Provided data START
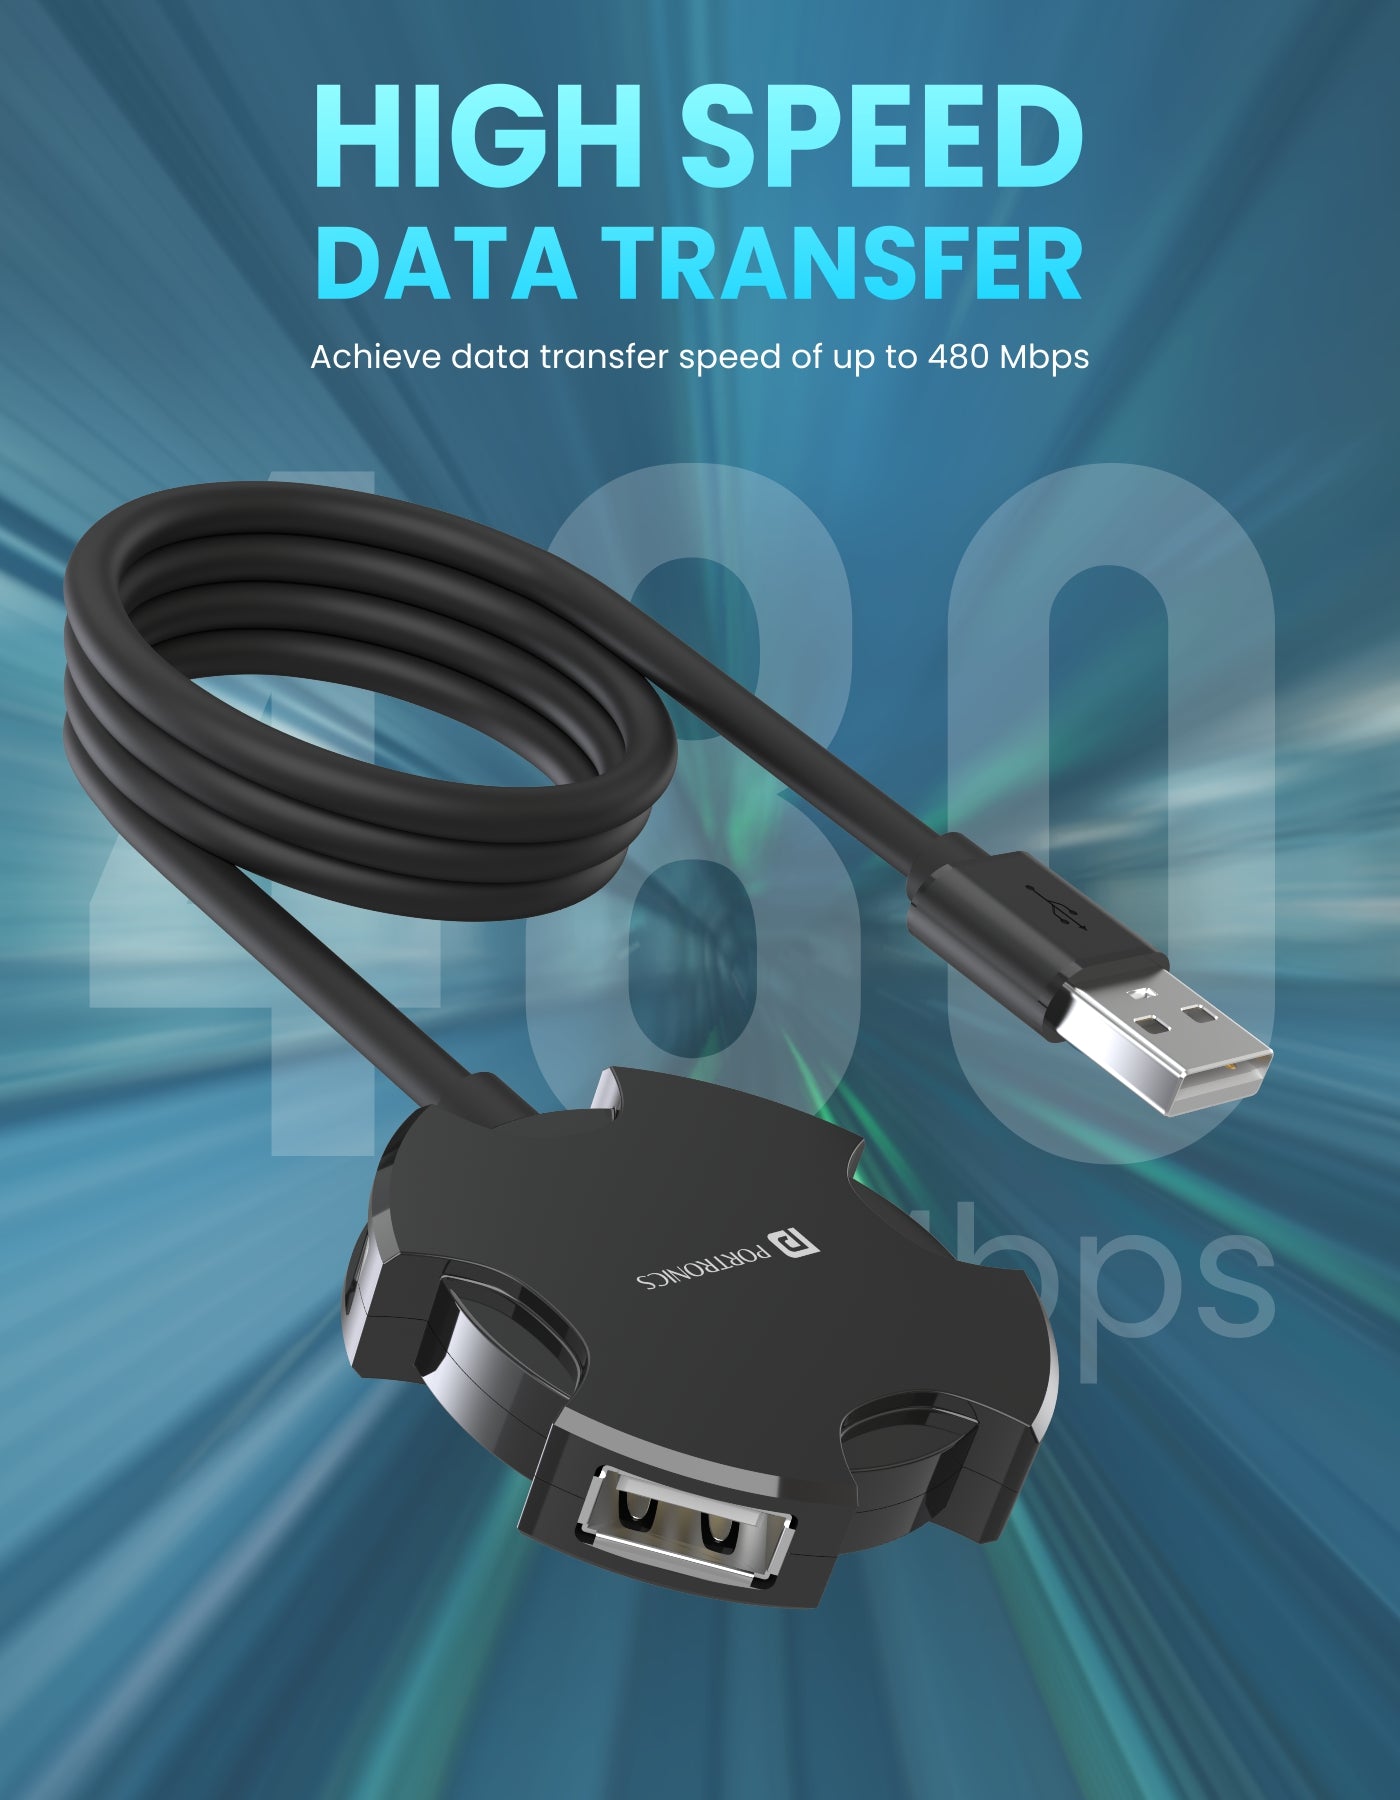 Portronics Mport 4C Portable USB Port Hub with 4 USB Slots fast data transfer
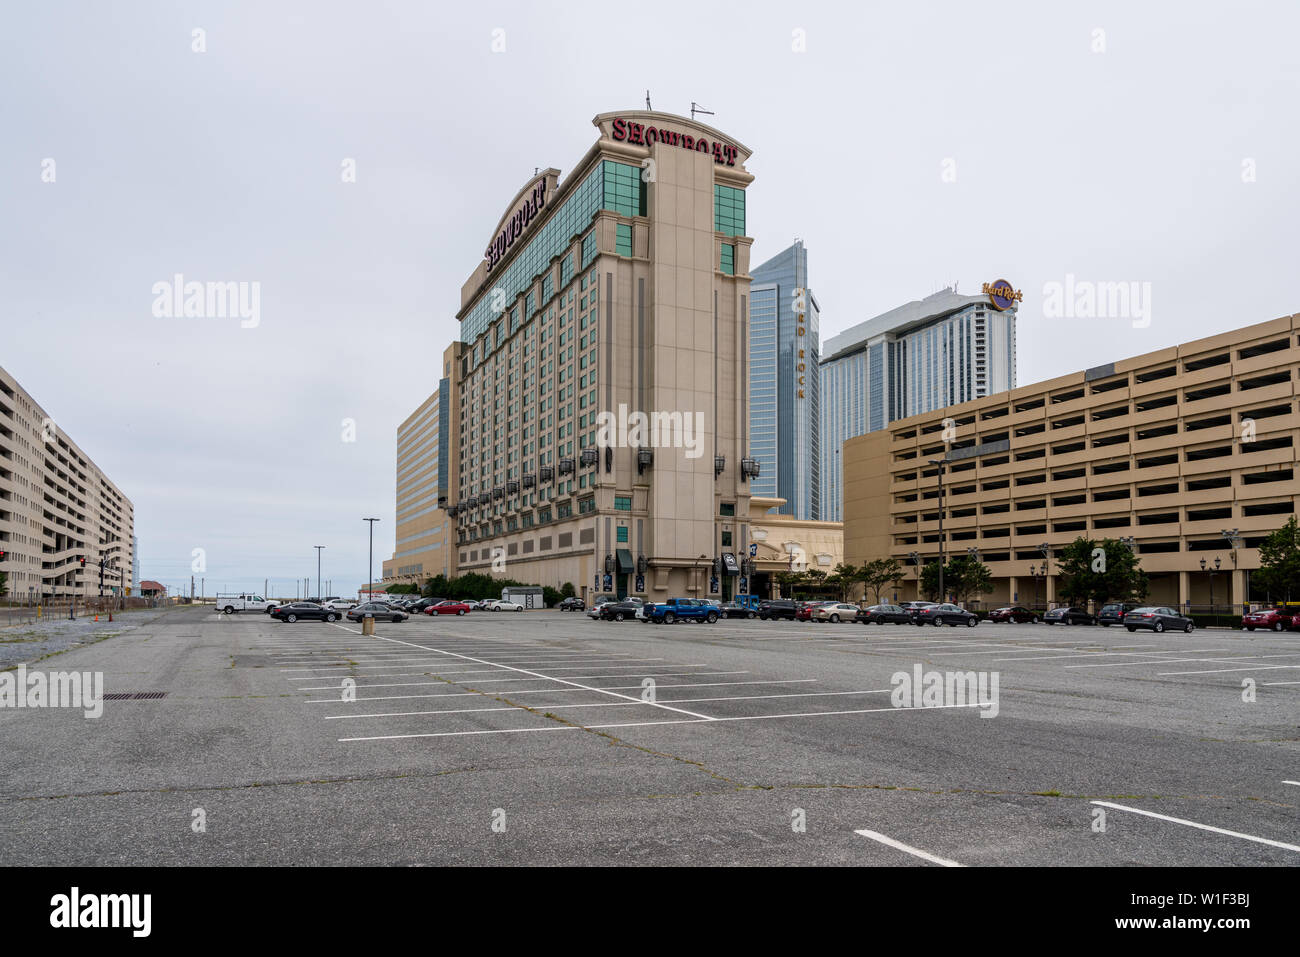 free casino parking in atlantic city
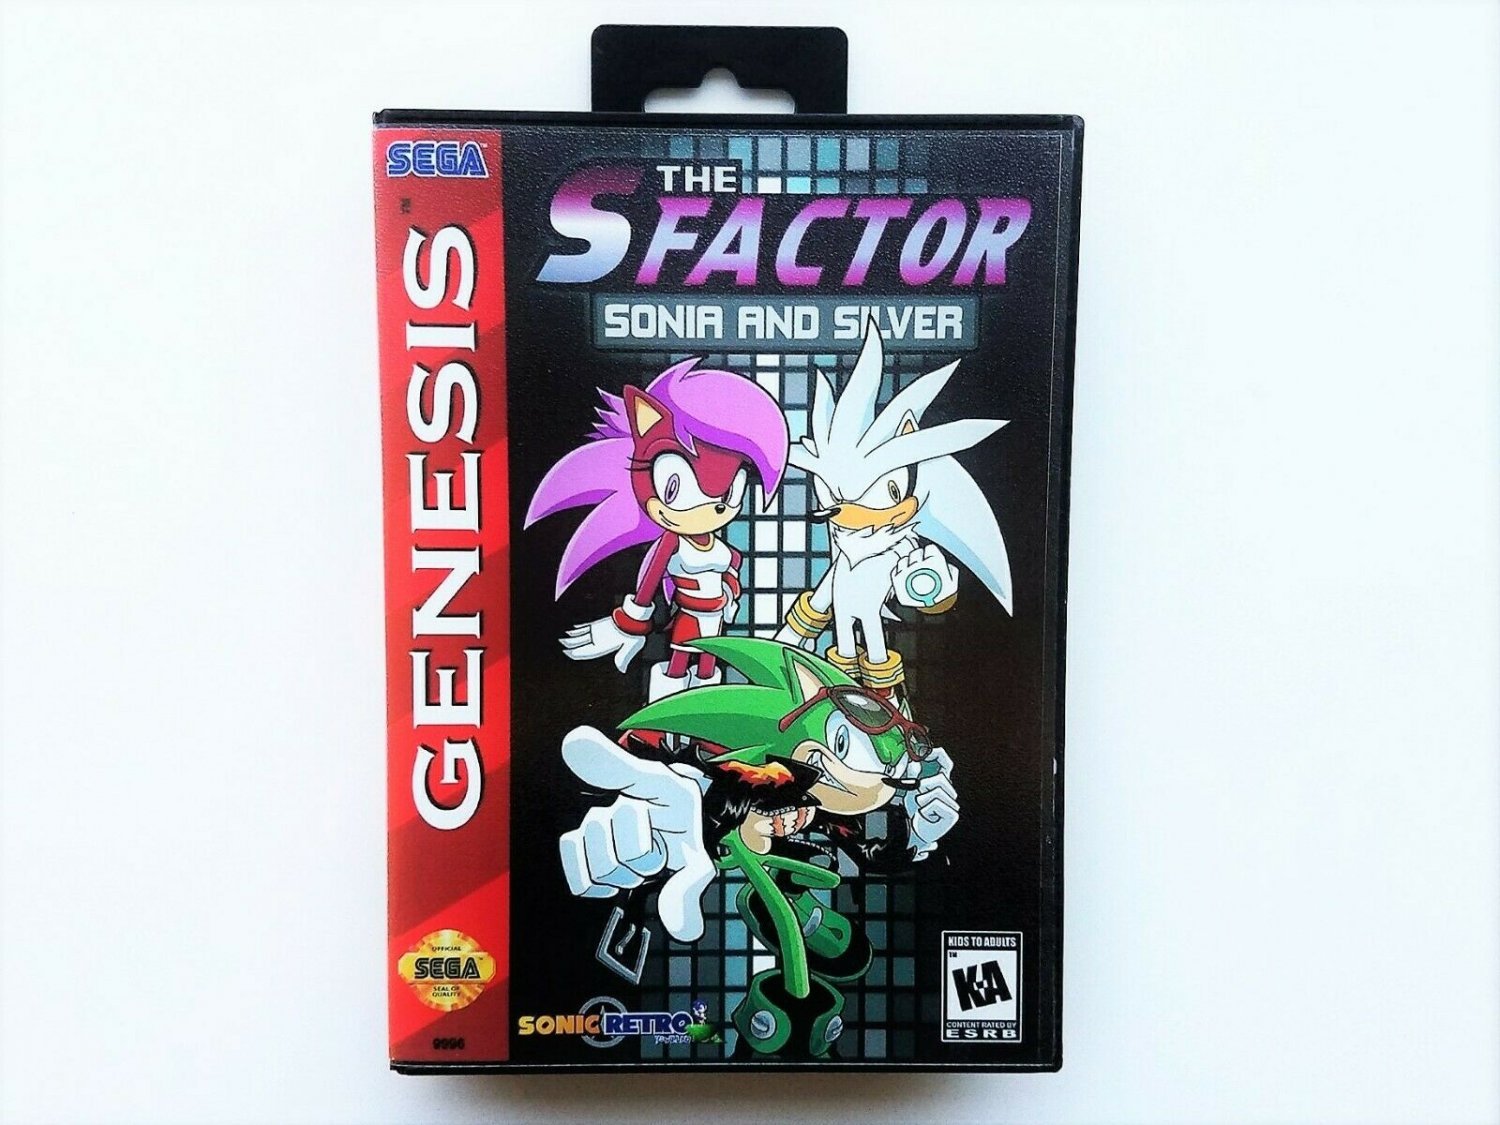 S Factor Sonia and Silver - Custom Case / Game Sega Genesis
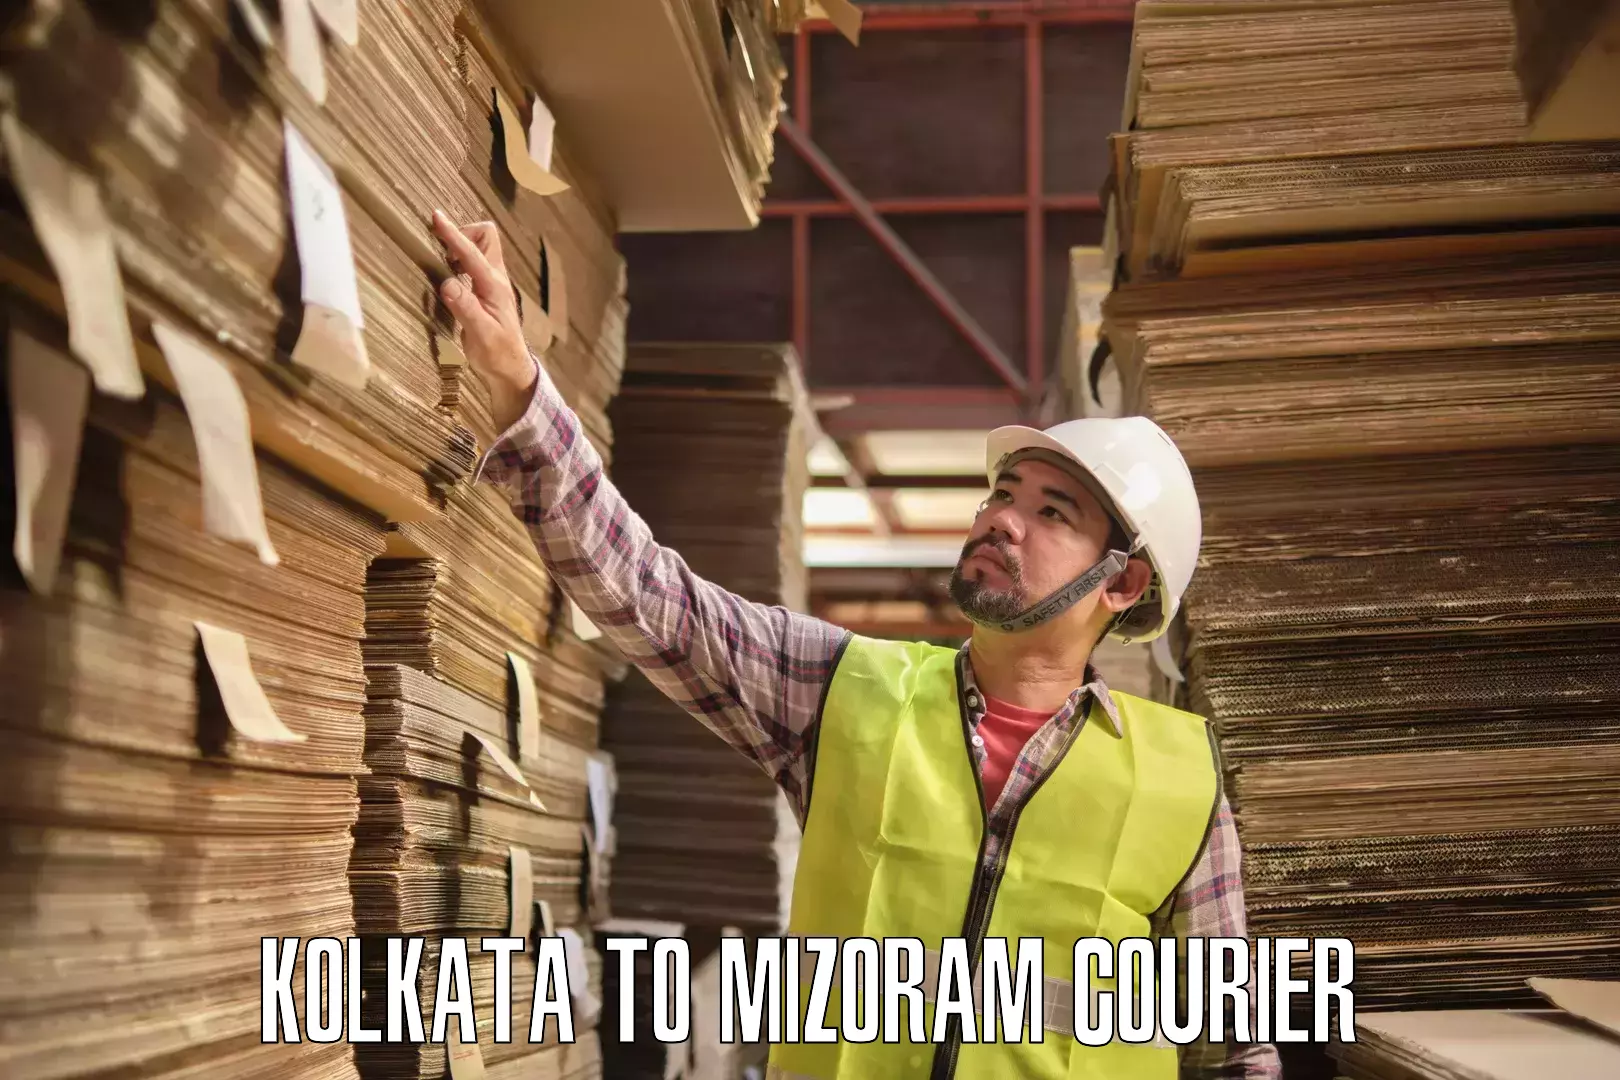 Courier service partnerships Kolkata to Saitual
Provided data END
▶ **What to work on**: Print the data word for word and omit the pictures.

▶ **Your response**:
 Portronics Mport 4C Portable USB Port Hub with 4 USB Slots fast data transfer
 free casino parking in atlantic city
 S Factor Sonia and Silver - Custom Case / Game Sega Genesis
 Courier service partnerships Kolkata to Saitual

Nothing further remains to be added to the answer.